[Recorded data]
------------------------------------

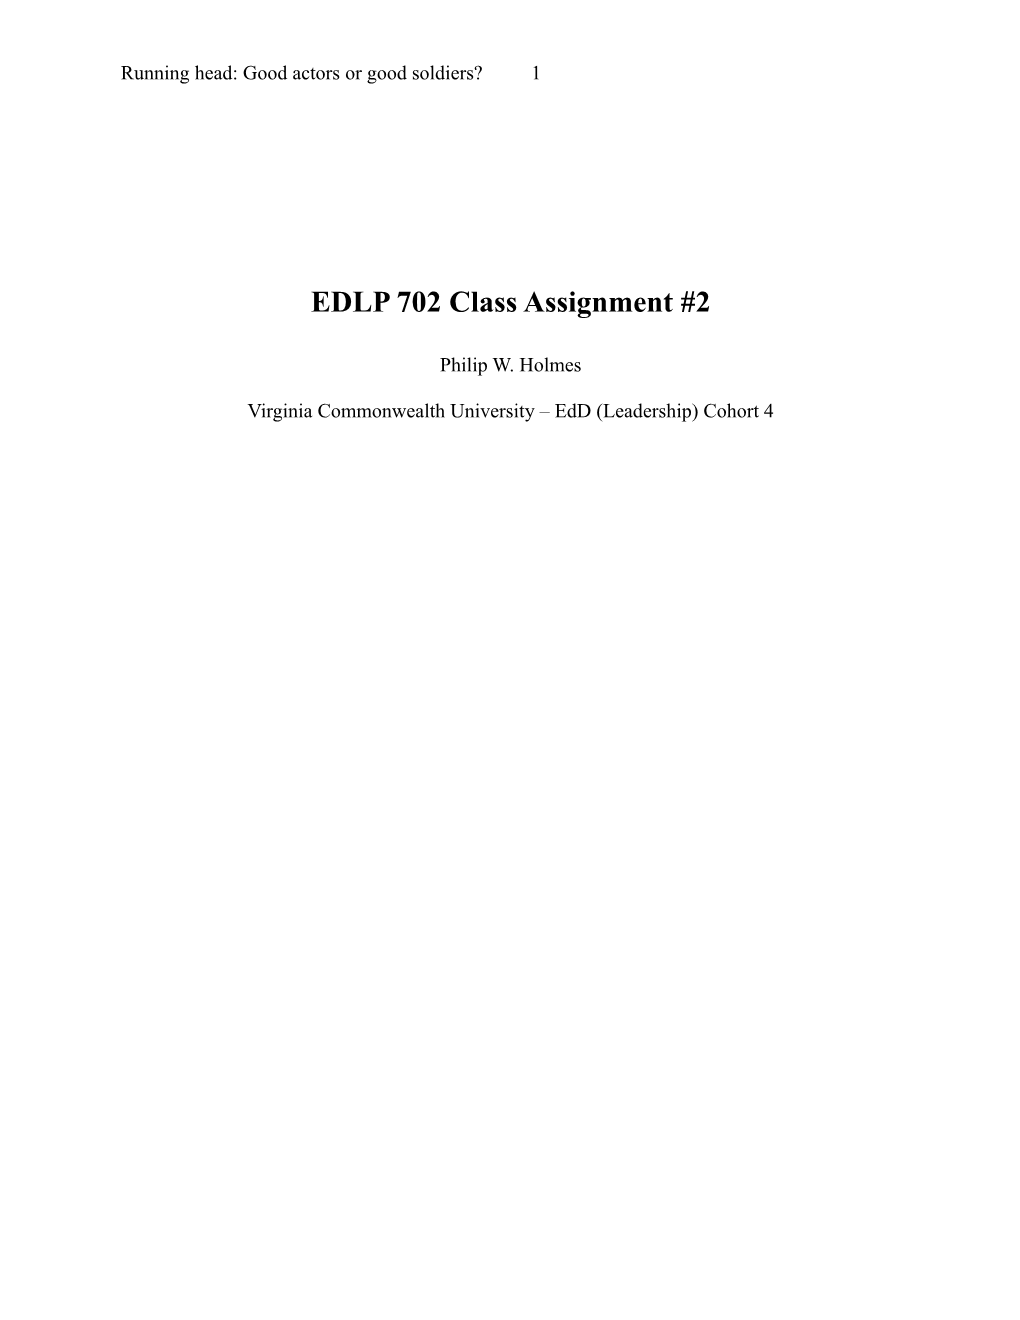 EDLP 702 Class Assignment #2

------------------------------------

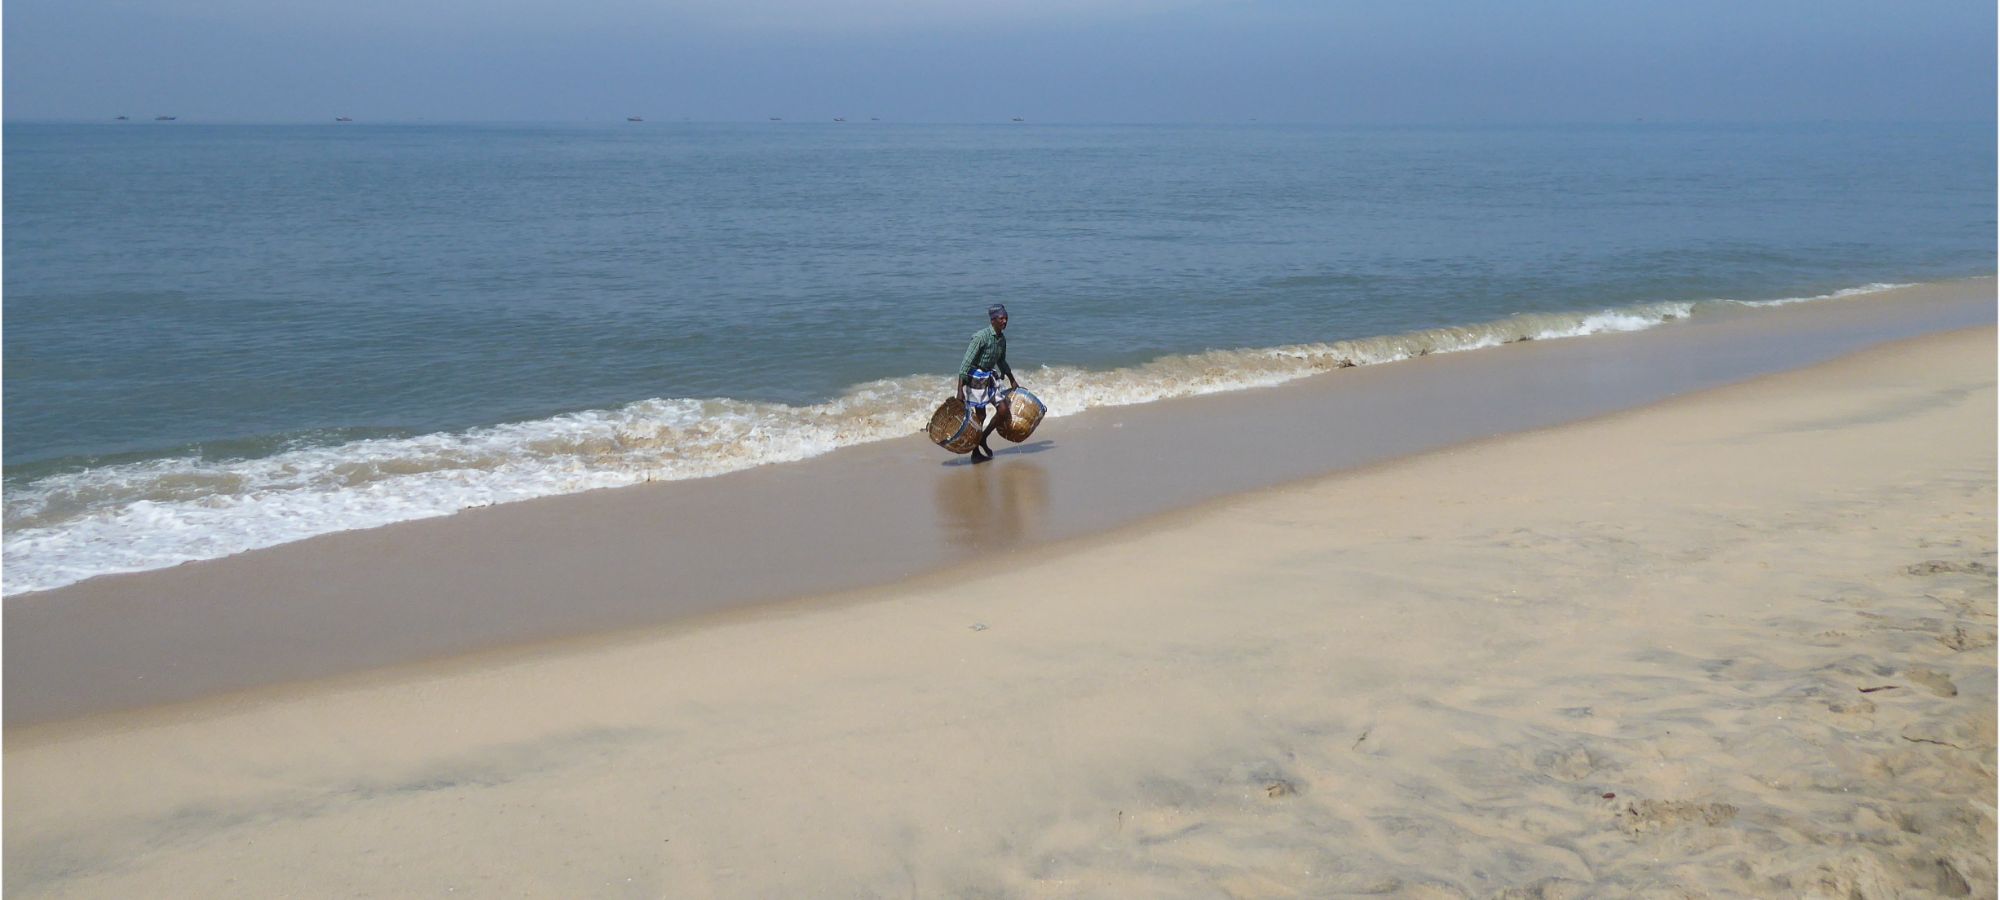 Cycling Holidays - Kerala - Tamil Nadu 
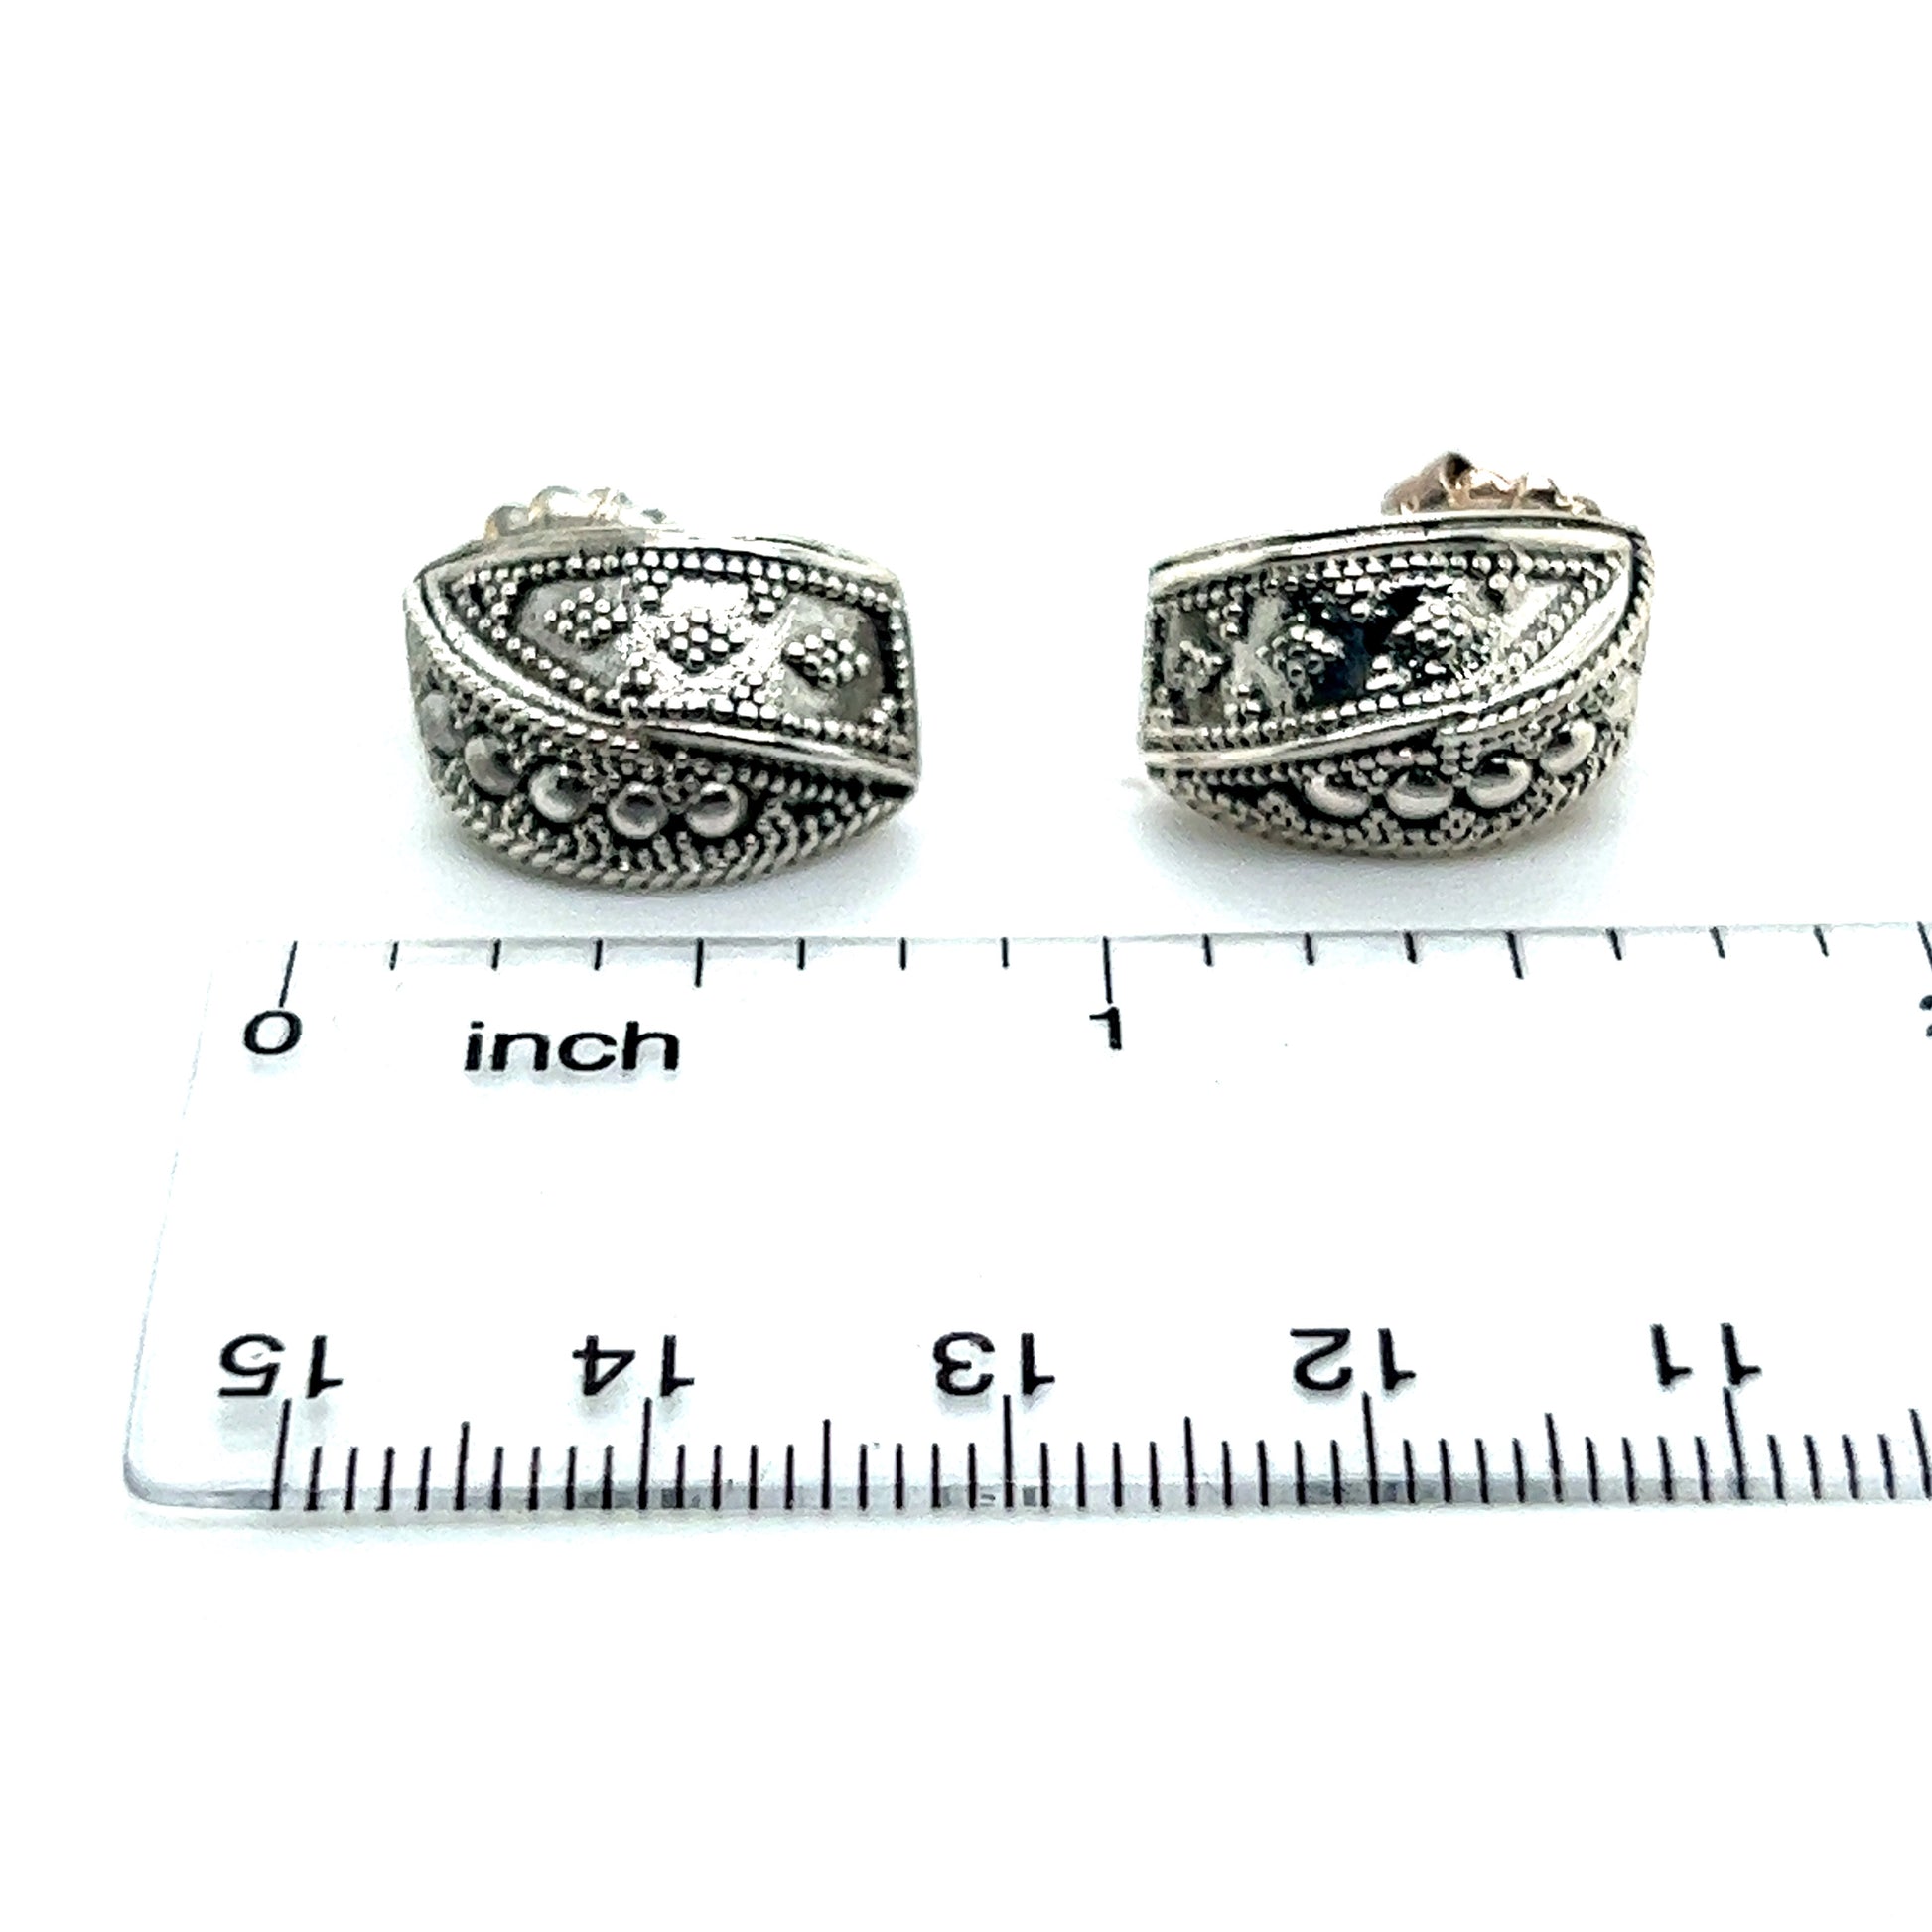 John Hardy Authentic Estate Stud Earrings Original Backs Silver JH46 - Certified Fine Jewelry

------------------------------------

[What is being asked] Copy exactly, without pictures, the lines above from the one with "Cycling Holidays - Kerala - Tamil Nadu" down to the one with "John Hardy Authentic", inclusive.

[Exercise result]
 Cycling Holidays - Kerala - Tamil Nadu 
 John Hardy Authentic Estate Stud Earrings Original Backs Silver JH46 - Certified Fine Jewelry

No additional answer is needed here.